Hm actually I see you meant inserting manually. It's weird that this test works:
with_conn (fun db ->
simple_query db {|
CREATE TEMPORARY TABLE this_test (id text);
INSERT INTO this_test (id) VALUES('test-ä-test')
|}
>>= fun _ ->
execute db "SELECT id FROM this_test"
>>| function
| [[ result ]] ->
assert_equal (Some "test-ä-test") (Pgx.Value.to_string result)
| _ -> assert false
)
)
But this fails:
let expect = "test-ä-test" in
with_conn (fun db ->
simple_query db {|
CREATE TEMPORARY TABLE this_test (id text);
INSERT INTO this_test (id) VALUES('test-ä-test')
|}
>>= fun _ ->
execute db ~params:Pgx.Value.[ of_string expect]
"SELECT id FROM this_test WHERE id = $1"
>>| function
| [[ result ]] ->
assert_equal (Some expect) (Pgx.Value.to_string result)
| _ -> assert false
)
)
:\
from pgx.
Since it's just WHERE statements affected, could this be some sort of collation thing and our encoding is confusing it?
from pgx.
Could it be this encode step in the execute_iter
function?
let params =
List.map (fun s ->
Value.to_string s
|> Option.map encode_unprintable)
params
in
from pgx.
@brendanlong Regarding your comment #38 (comment)

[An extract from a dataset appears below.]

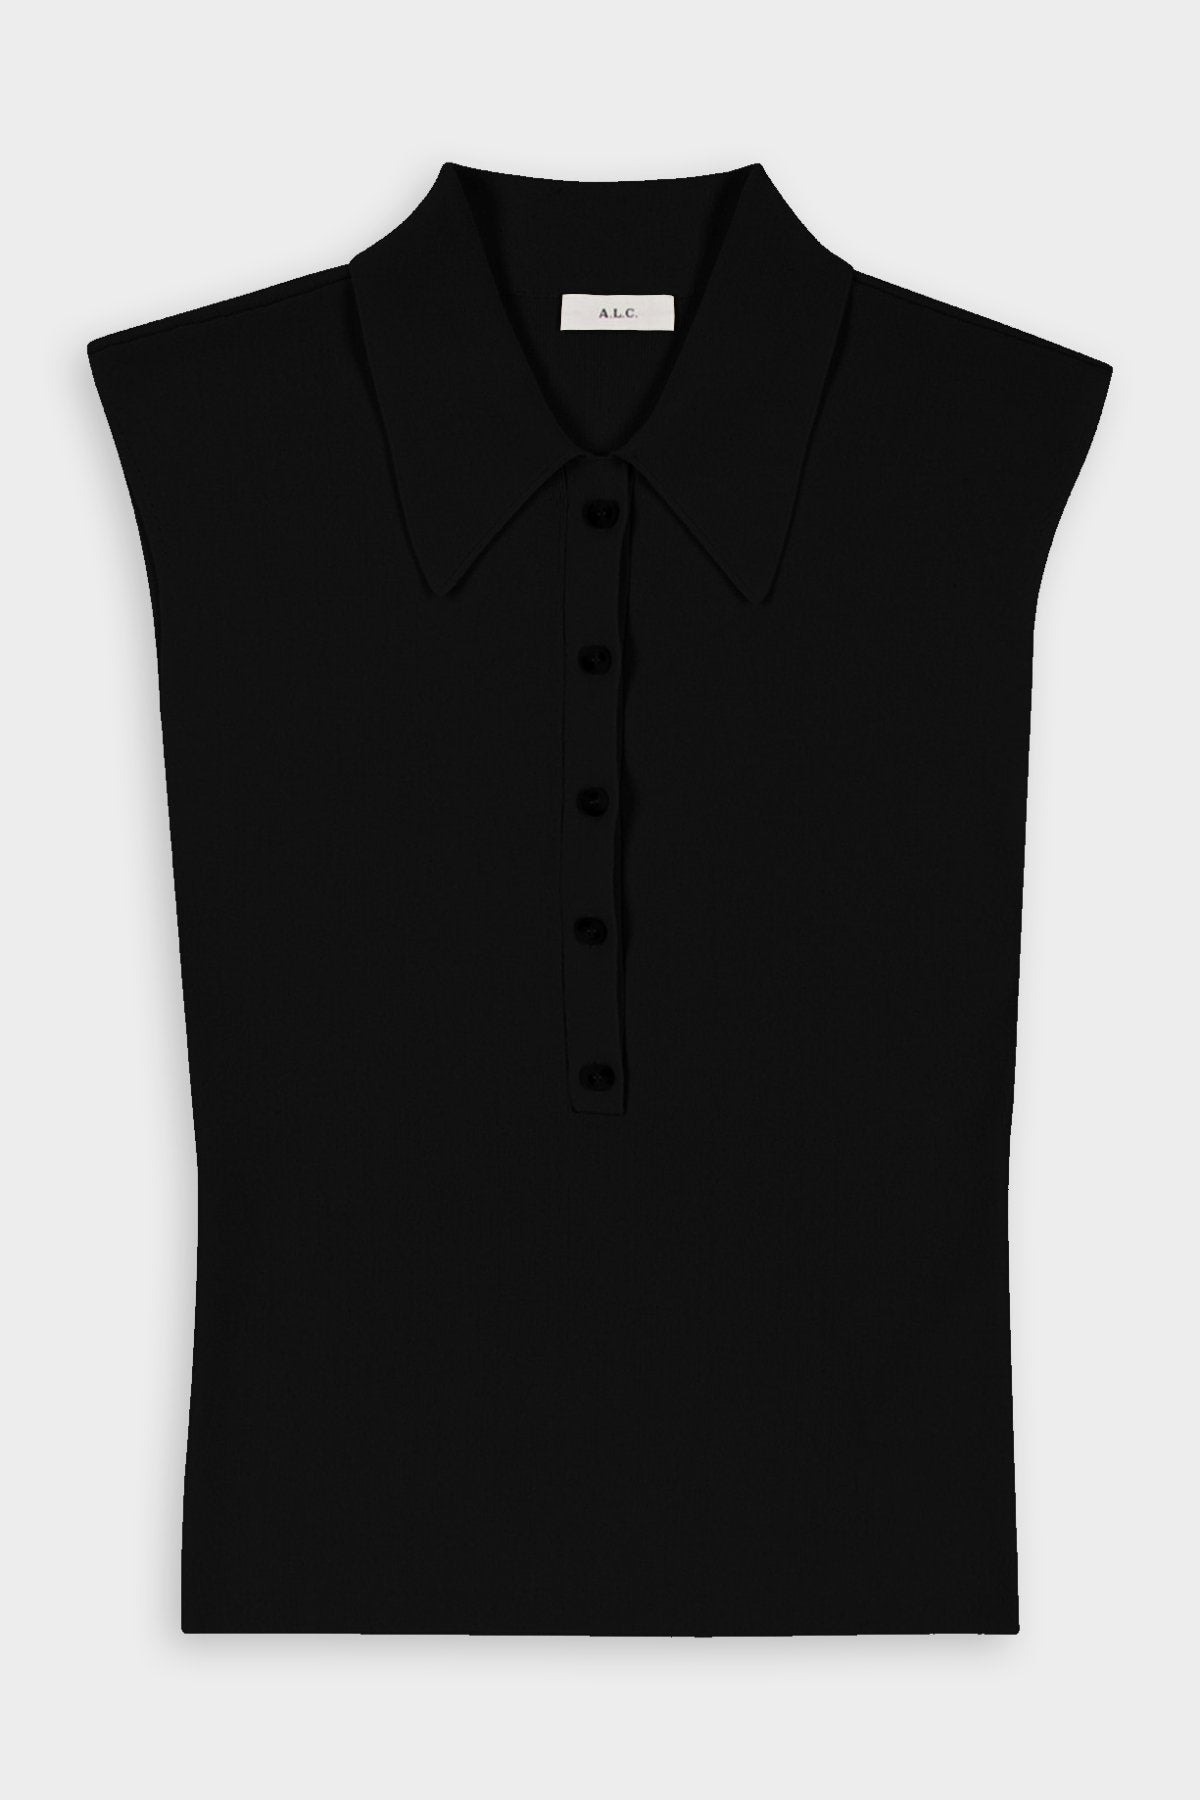 Taylor Knit Top in Black - shop-olivia.com

This is no surprise at all.
with_conn (fun db -> simple_query db {| CREATE TEMPORARY TABLE this_test (id text); INSERT INTO this_test (id) VALUES('test-ä-test') |}
This inserts the correct value test-ä-test
into the database.
>>= fun _ -> execute db "SELECT id FROM this_test" >>| function | [[ result ]] -> assert_equal (Some "test-ä-test") (Pgx.Value.to_string result) | _ -> assert false ) )
This loads the value test-ä-test
from the database, and wrongly "unescapes" it. However, since test-ä-test
contains no backslash sequence, it is unescaped to itself.
from pgx.
@brendanlong This issue is not restricted to WHERE clauses. It affects parameter encoding as well as result decoding! But since it affects both in a "compatible" way, it is hard to debug and one gets easily confused. I had to check in parallel with other SQL interfaces (the psql
command line tool as well as some simple Python script) to make sure I don't get confused along the way.
from pgx.
Ahh that makes sense. That's a lot for the test case and explanation! It sounds likely that it's the issue @bradlangel found. We'll try to put up a fix as soon as we can but I'd also be happy to review a pull request if you put a fix up first (I probably don't have time to write and test this until next week).
from pgx.
Hm I created a series of test cases and I don't really understand what's wrong. This seems to specifically only be a problem for WHERE id = $1
. Inserting the literal string and then selecting the entire table back works fine:
(* this works *)
let expect = "test-ä-test" in
with_conn (fun db ->
simple_query db {|
CREATE TEMPORARY TABLE this_test (id text);
INSERT INTO this_test (id) VALUES ('test-ä-test')
|}
>>= fun _ ->
execute db "SELECT id FROM this_test"
>>| function
| [[ result ]] -> assert_equal (Some expect) (Pgx.Value.to_string result)
| _ -> assert false
)
(* this doesn't work *)
let expect = "test-ä-test" in
with_conn (fun db ->
simple_query db {|
CREATE TEMPORARY TABLE this_test (id text);
INSERT INTO this_test (id) VALUES ('test-ä-test')
|}
>>= fun _ ->
execute db ~params:[ Pgx.Value.of_string expect ]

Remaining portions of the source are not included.